Una reciente versión, propalada por un grupo de comunicadores e intelectuales con acceso irrestricto a los medios electrónicos, habla de los efectos perniciosos que pueden tener algunas reformas constitucionales aprobadas. En especial la que deja, al albedrío de los consejeros del IFE, la interpretación de lo que será catalogado como guerra sucia. ¡Es una bomba!, exclaman. Dejar en la capacidad de nueve consejeros la potestad de decidir entre lo que debe ser prohibido o lo que será permitido difundir en las campañas electorales es peligroso. Será una cortapisa mayúscula para la libertad de expresión, una especie de censura depositada en unos cuantos. Nada se ha dicho de esa forma atrabiliaria de libertad que ejercieron otros cuantos poderosos en contra de muchos millones de electores, dejados al arbitrio de autoridades medrosas, cómplices, que dejaron pasar los ataques arteros y mentirosos contra su coco preferido: AMLO. La censura reglamentada versus el libertinaje de partidos, asesores de campañas sucias y candidatos que aspiran a triunfar al estilo y ética del famoso haiga sido como haiga sido.

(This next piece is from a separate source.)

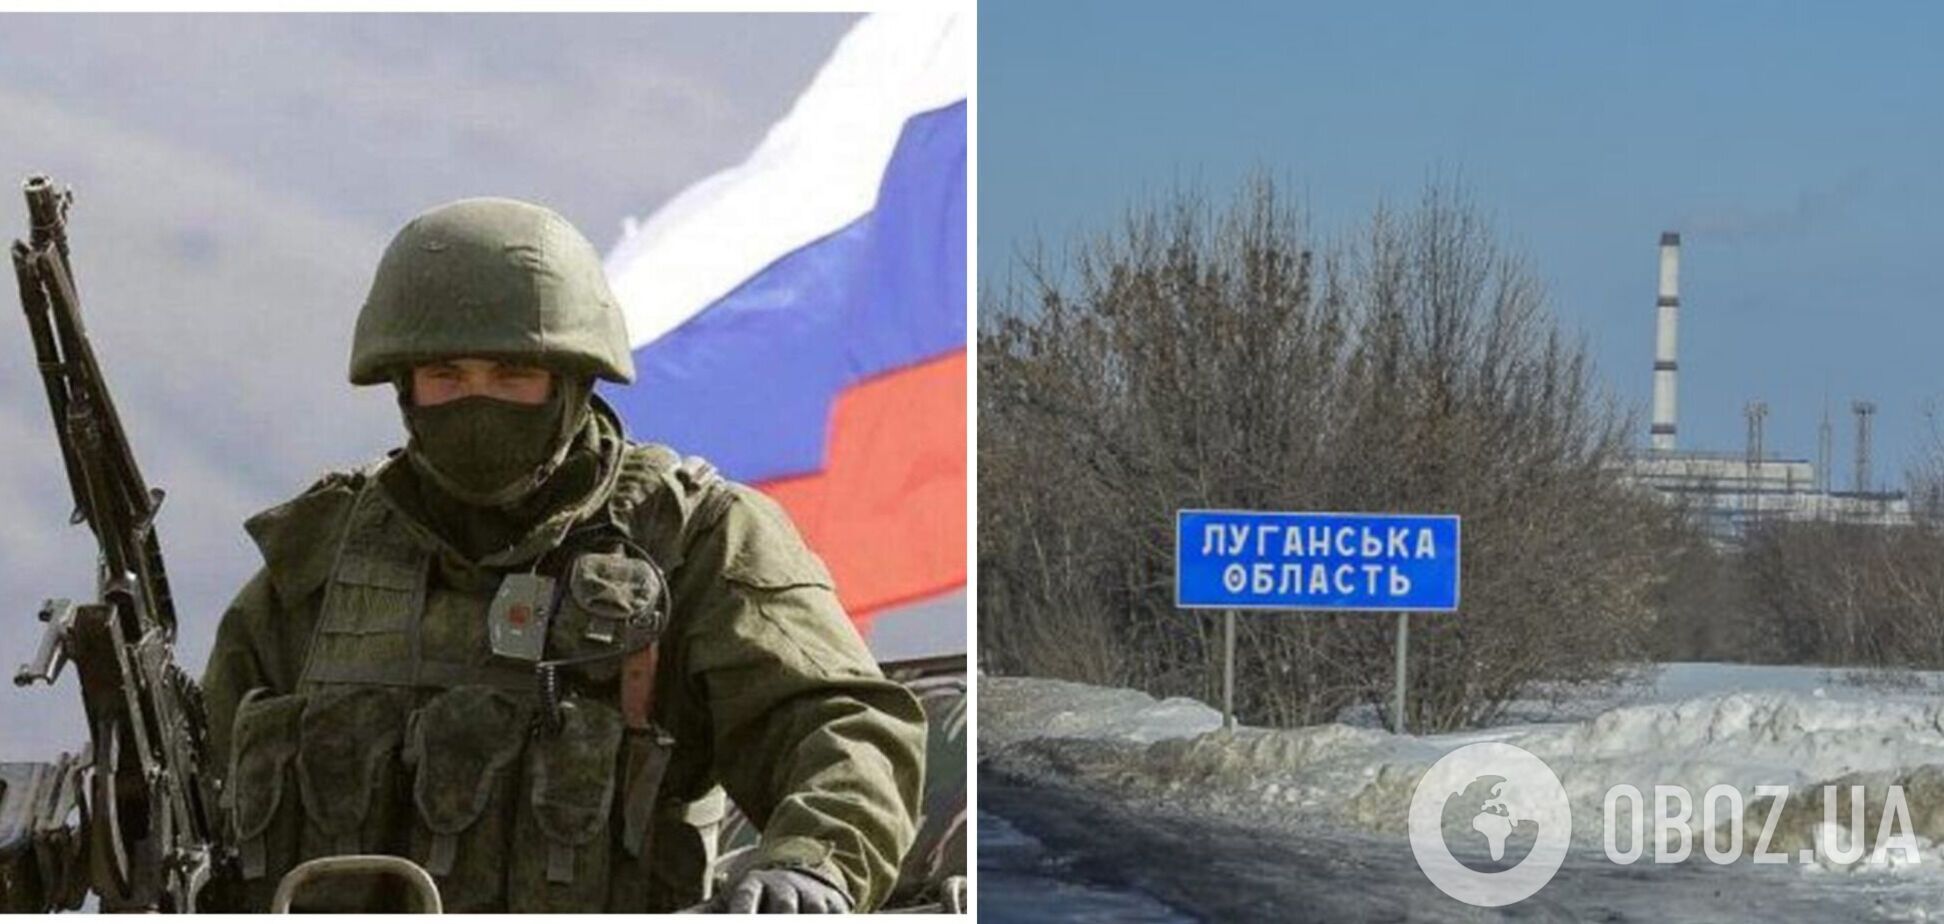 'Ситуация тяжелая, но контролируемая': Гайдай заявил, что оккупанты на Луганщине задействовали большое количество тяжелой техники

De todas maneras, las reformas aprobadas y en vías de ser concretadas adolecen de varias cortedades. Unas porque dejaron fuera muchas peticiones de mejoras, otras porque la mejor legislación se estrella contra la voluntad de los que operan las campañas, contra los que interpretan la norma a su pinche favor, contra los que, al final de la línea, desvían, apegados a sus intereses (que no son los populares) estrictamente personales, partidarios o de grupo, lo que dicta la mejor ley de los reformadores.


La manera de prevenirse contra los futuros fraudes (que intentarán de mil y una forma adicionales) es impulsando la organización del electorado. Movilizar la energía ciudadana, darle cauce, entrenamiento, vigorizar su consciente disposición por llevar a los cargos públicos a sus efectivos representantes. Ese es el antídoto contra lo que ha sido una constante del poder en México: la violencia al voto, la falta de respeto a la voluntad popular, el usufructo de las oportunidades por unos cuantos y que dejan fuera a la mayoría.